## Activity:
Write out the lines below exactly, beginning at the one with "DDSY单相电子式预付费电能表使用说明书" and stopping after the one with "Furniture delivery service Kudus to Delhi"; the pictures are not copied.

## Material to process:

• • • •

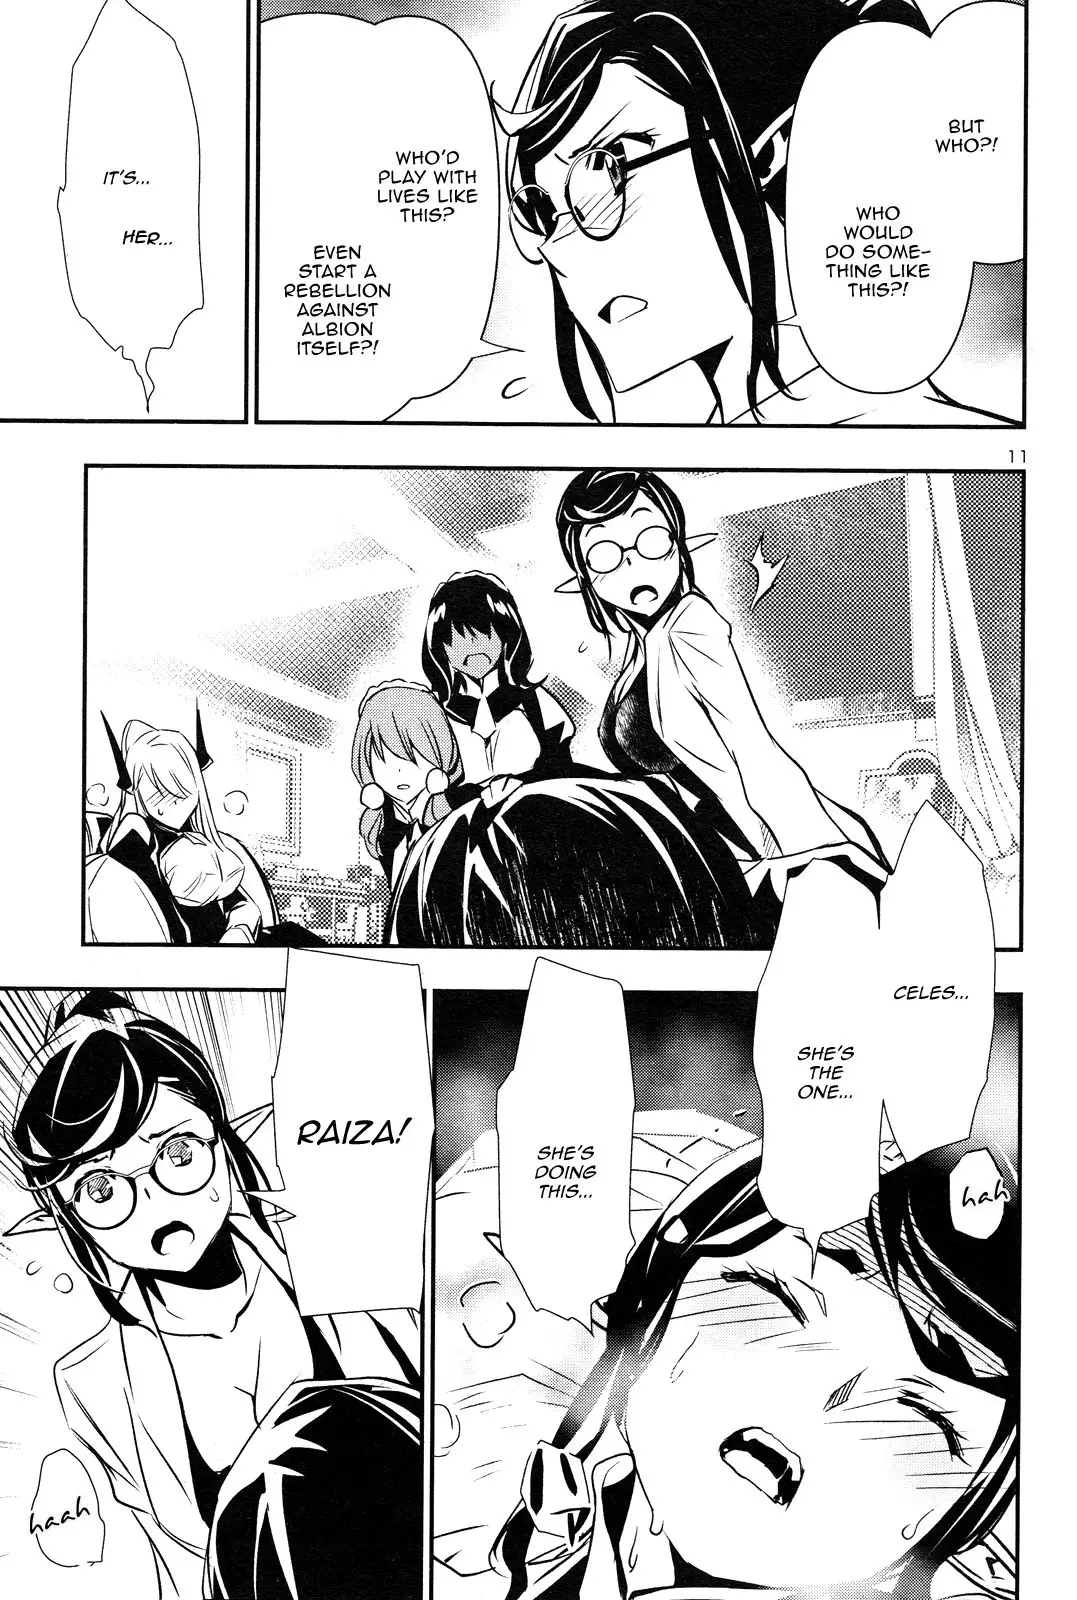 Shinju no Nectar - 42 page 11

• • • •

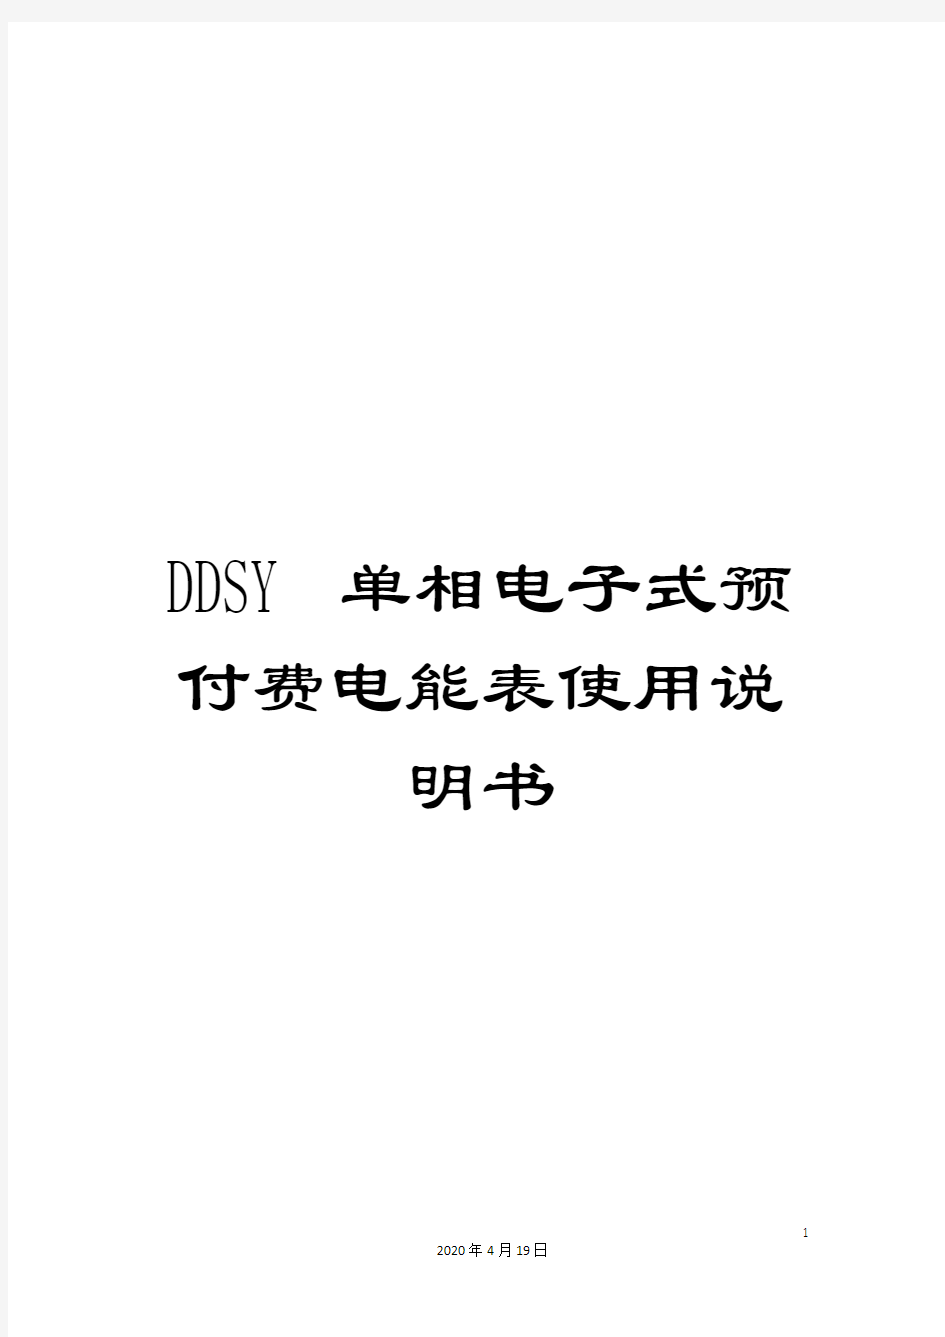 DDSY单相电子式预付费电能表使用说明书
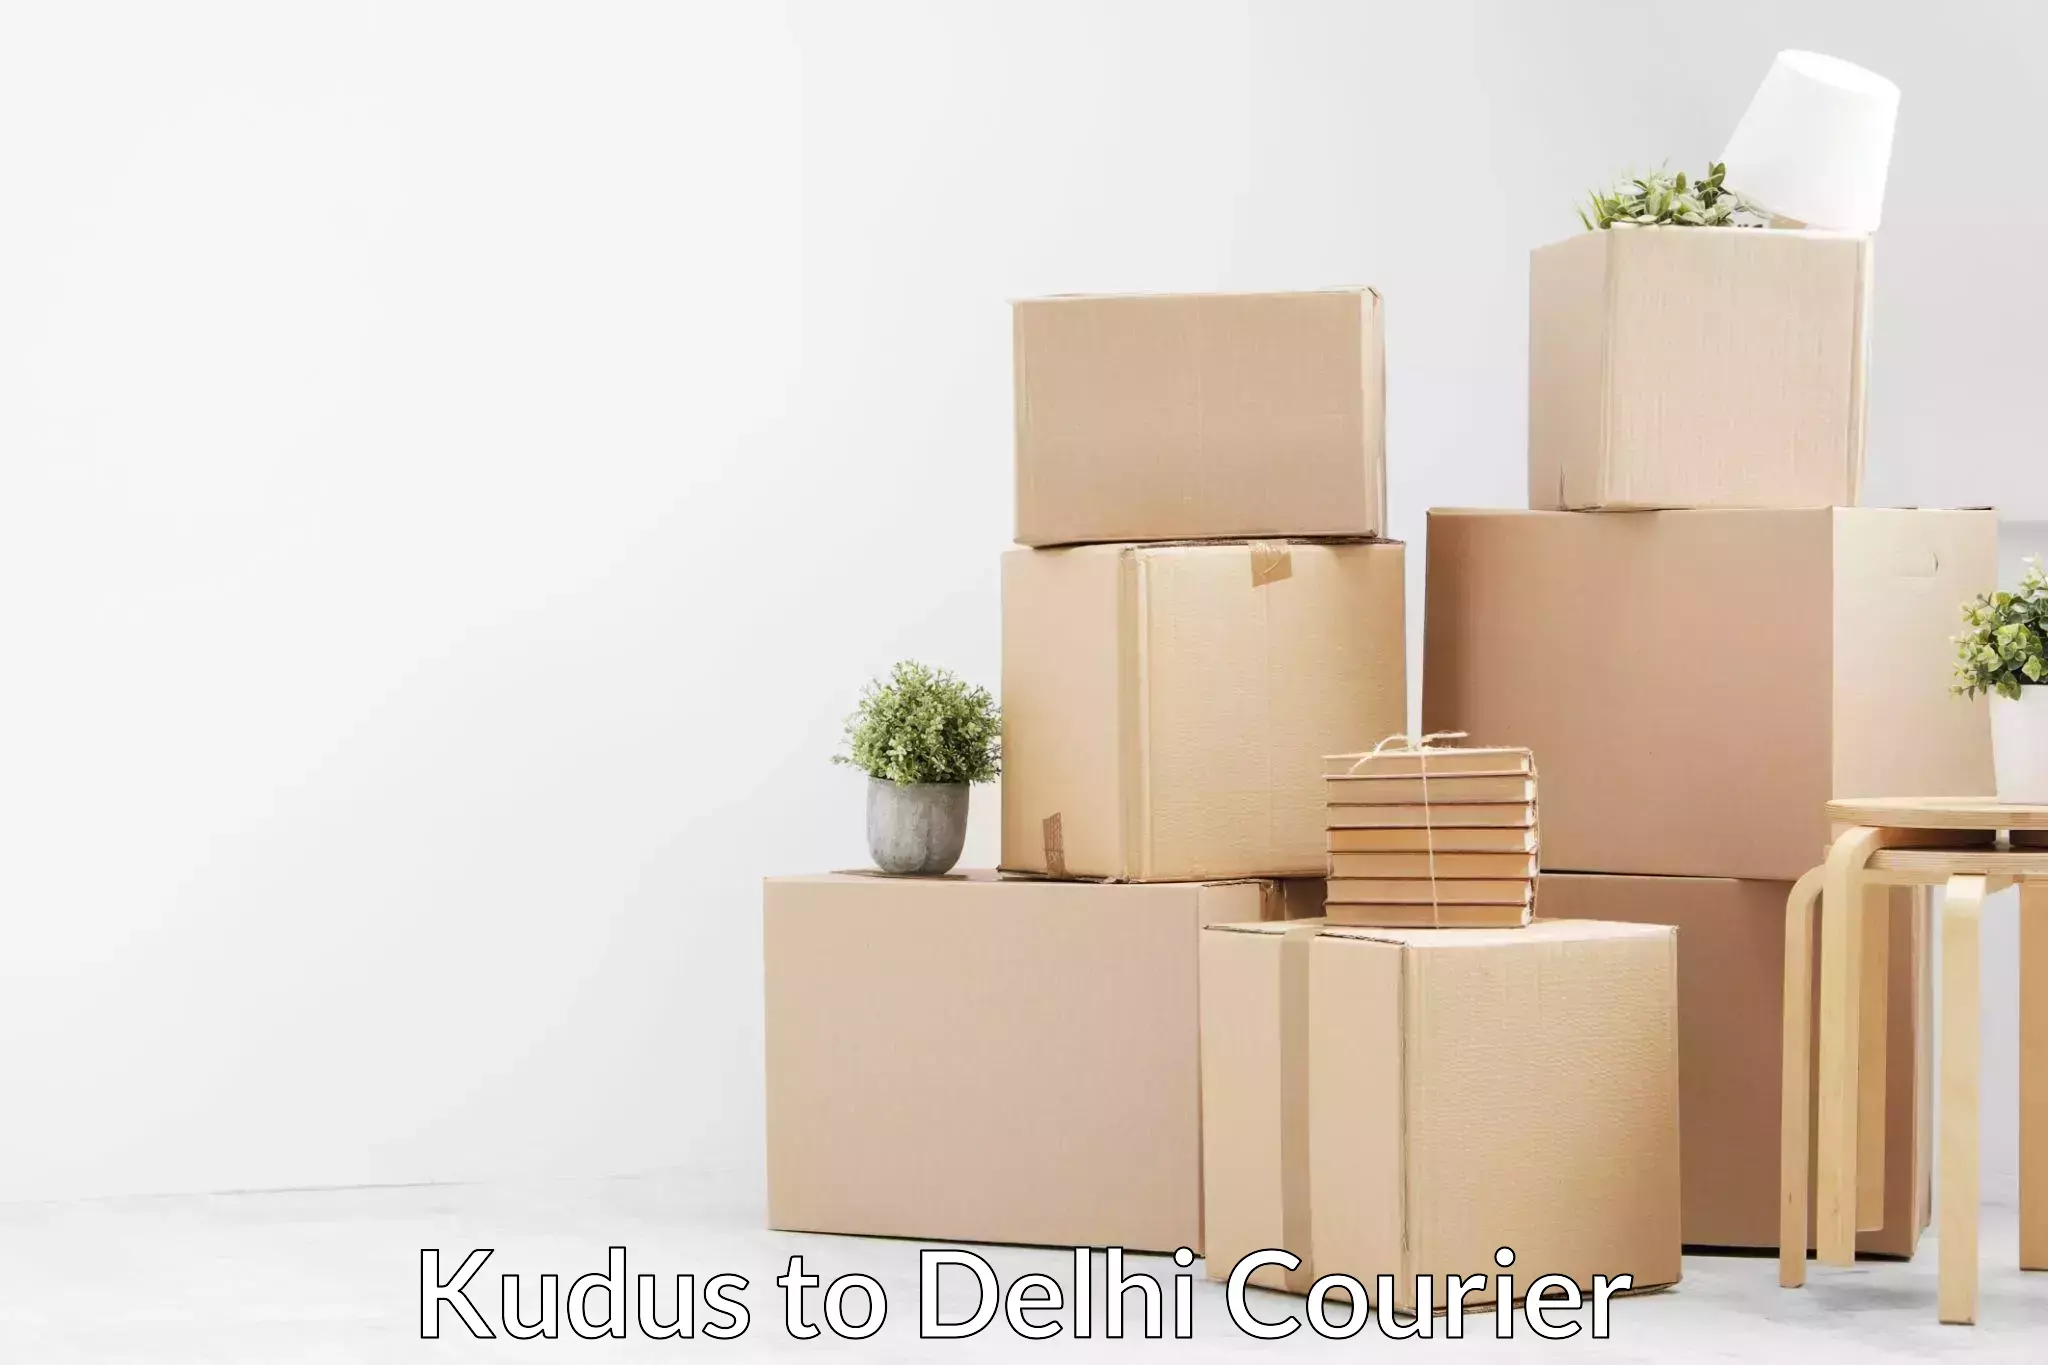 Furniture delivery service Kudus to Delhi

• • • •

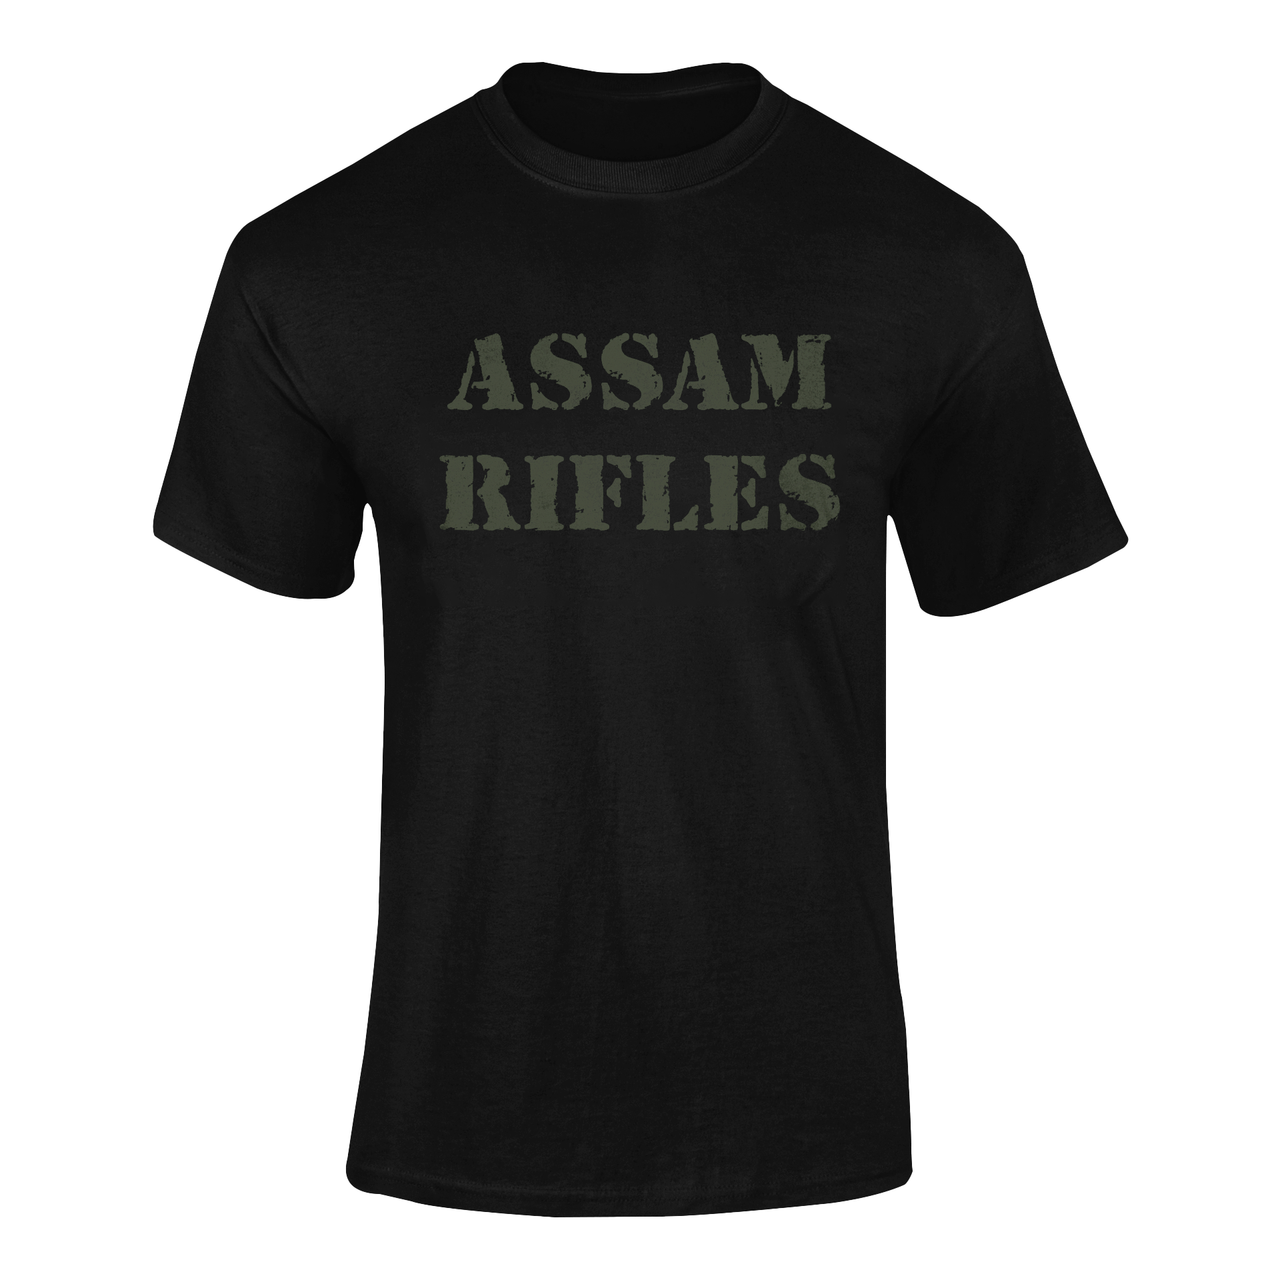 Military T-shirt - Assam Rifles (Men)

• • • •

## Response:
 DDSY单相电子式预付费电能表使用说明书
 Furniture delivery service Kudus to Delhi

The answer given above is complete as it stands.